Les données racontent l'histoire d'une inversion spectaculaire. Un conglomérat qui jouissait autrefois d'un score de réputation de 9 sur 10 parmi les observateurs institutionnels a vu ce score chuter à seulement 3 sur 10 d'ici 2025. Les indicateurs de risque qui planaient à des niveaux bas et stables il y a quelques années ont grimpé fortement à mesure que les controverses s'accumulaient : les disputes sur les accords de coentreprise (JVA) de PrimeWater, les défaillances de service de SIPCOR, le retraitement comptable de Villar Land et l'effondrement soudain de la confiance des investisseurs.

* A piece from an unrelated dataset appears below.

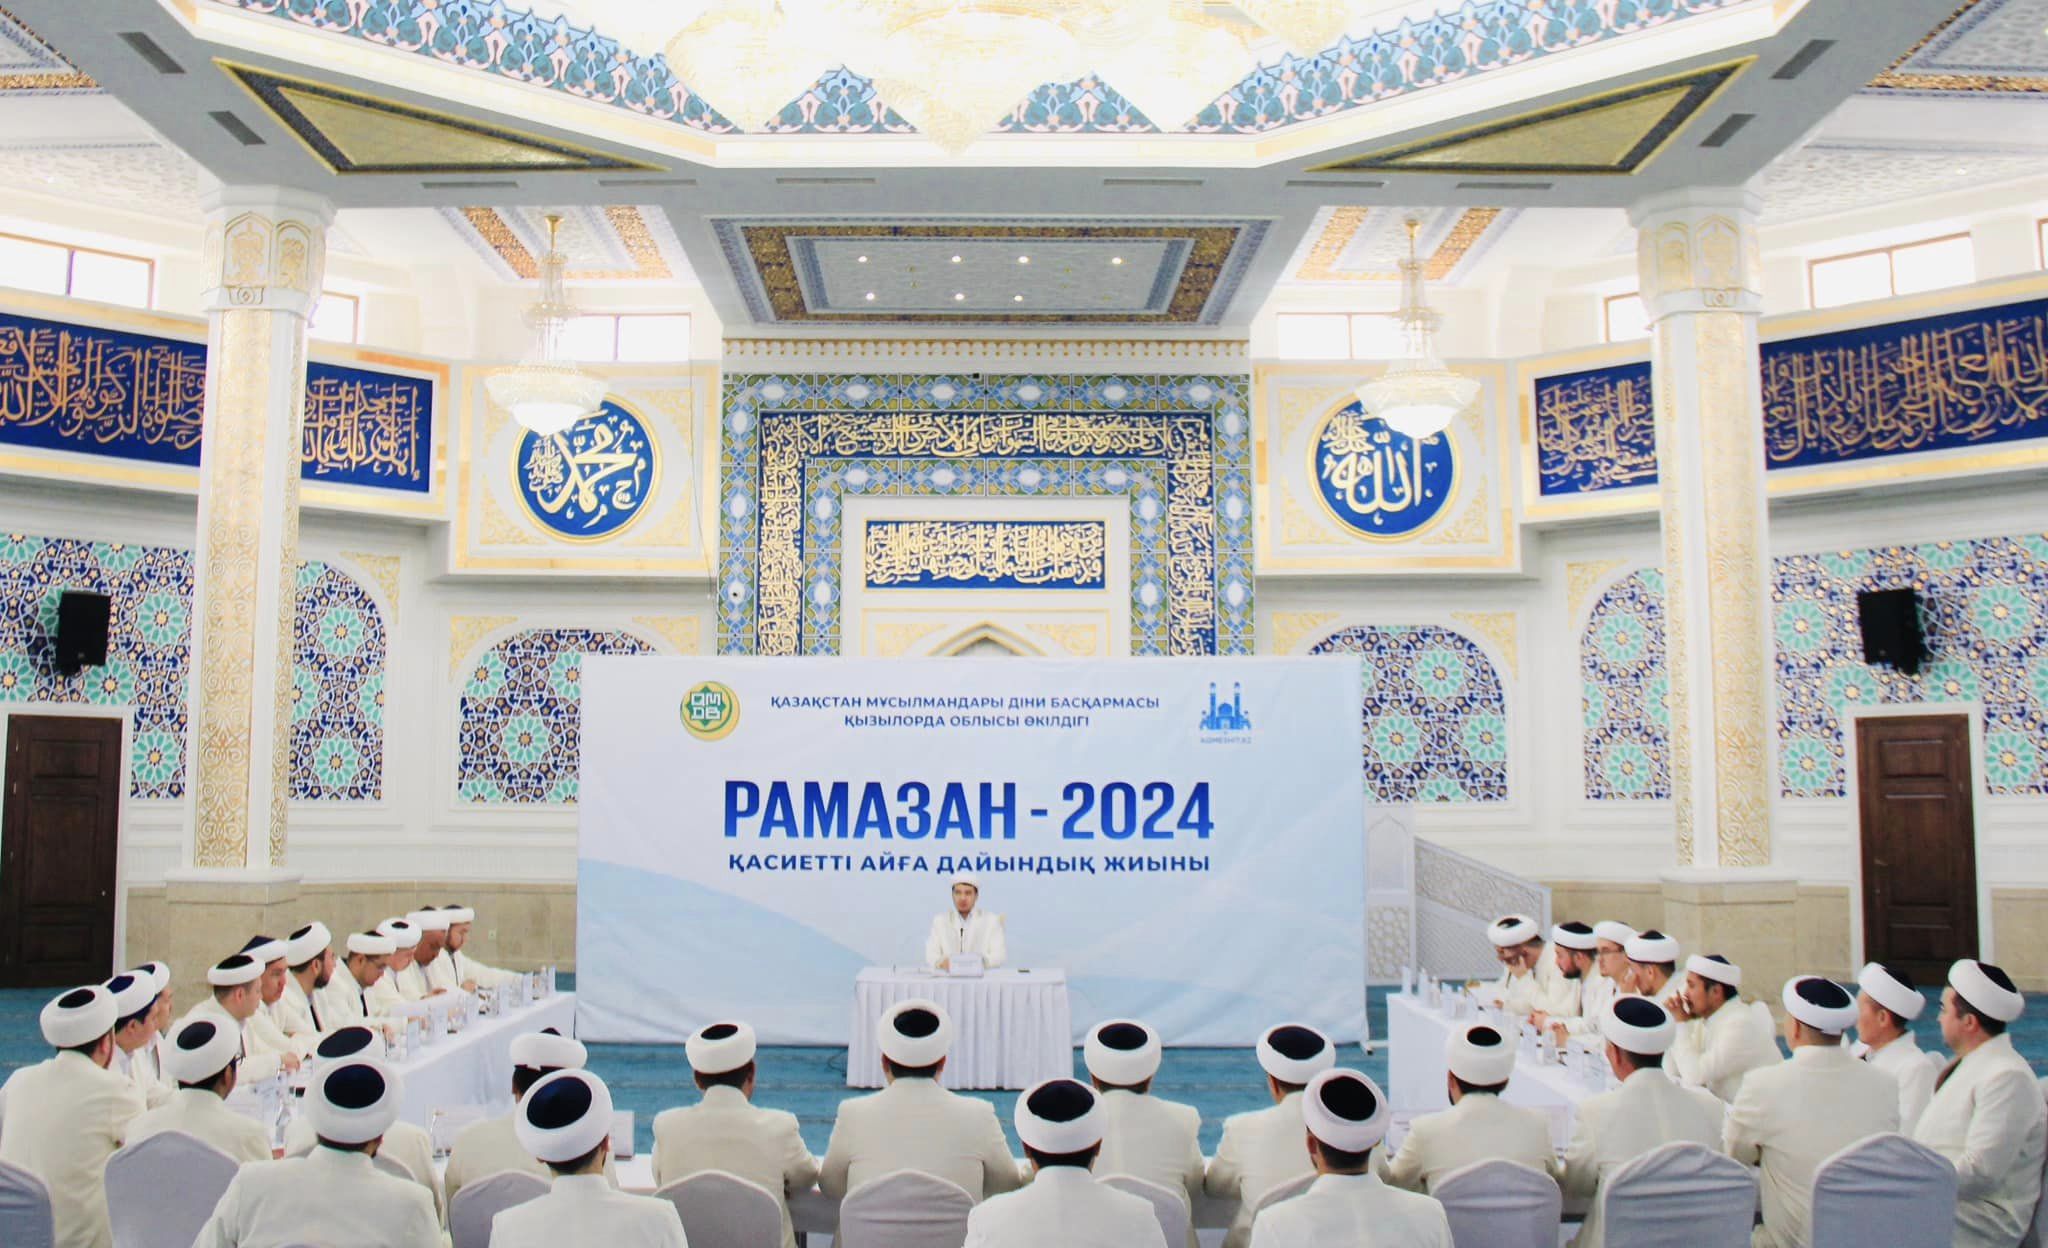 Рамазан-2024: Сыр имамдарының дайындық жиыны өтті

La courbe de capitalisation boursière pour Villar Land et AllDay illustre l'ampleur de la correction réputationnelle. Ce qui était autrefois un symbole d'expansion sans contrôle est devenu une étude de cas d'affirmation réglementaire.
Pour les investisseurs mondiaux évaluant les marchés philippins, la saga Villar de cette année est bien plus significative que les turbulences financières d'une seule famille. C'est une démonstration vivante que les régulateurs philippins commencent à montrer de véritables dents — et que les marchés de capitaux du pays entrent peut-être enfin dans une phase où la discipline d'évaluation, la performance de service et l'intégrité comptable comptent autant que l'accès politique. (À LIRE : L'ascension de Cynthia Villar : Comment la politique, l'argent et les réseaux l'ont propulsée au numéro 1)
L'ironie est frappante : la chute du Groupe Villar de sa position autrefois intouchable pourrait finir par renforcer le récit d'investissement des Philippines plutôt que de l'affaiblir. En affirmant leur contrôle sur les pratiques d'évaluation, la performance des services publics et la responsabilité publique, les régulateurs ont signalé un changement vers une surveillance de marché plus crédible. Et les conglomérats avec des structures de gouvernance faibles sont maintenant avertis.
En fin de compte, l'année qui a humilié le Groupe Villar pourrait être rappelée non pas simplement comme l'histoire d'un empire milliardaire sous pression, mais comme un moment déterminant où les institutions philippines ont commencé à rééquilibrer les échelles entre influence et responsabilité. L'empire est loin de s'effondrer, mais la mythologie qui l'entoure l'a fait. Ce qui reste est un conglomérat forcé à la transparence, un système réglementaire enhardi et un marché nouvellement éveillé au coût du risque de gouvernance.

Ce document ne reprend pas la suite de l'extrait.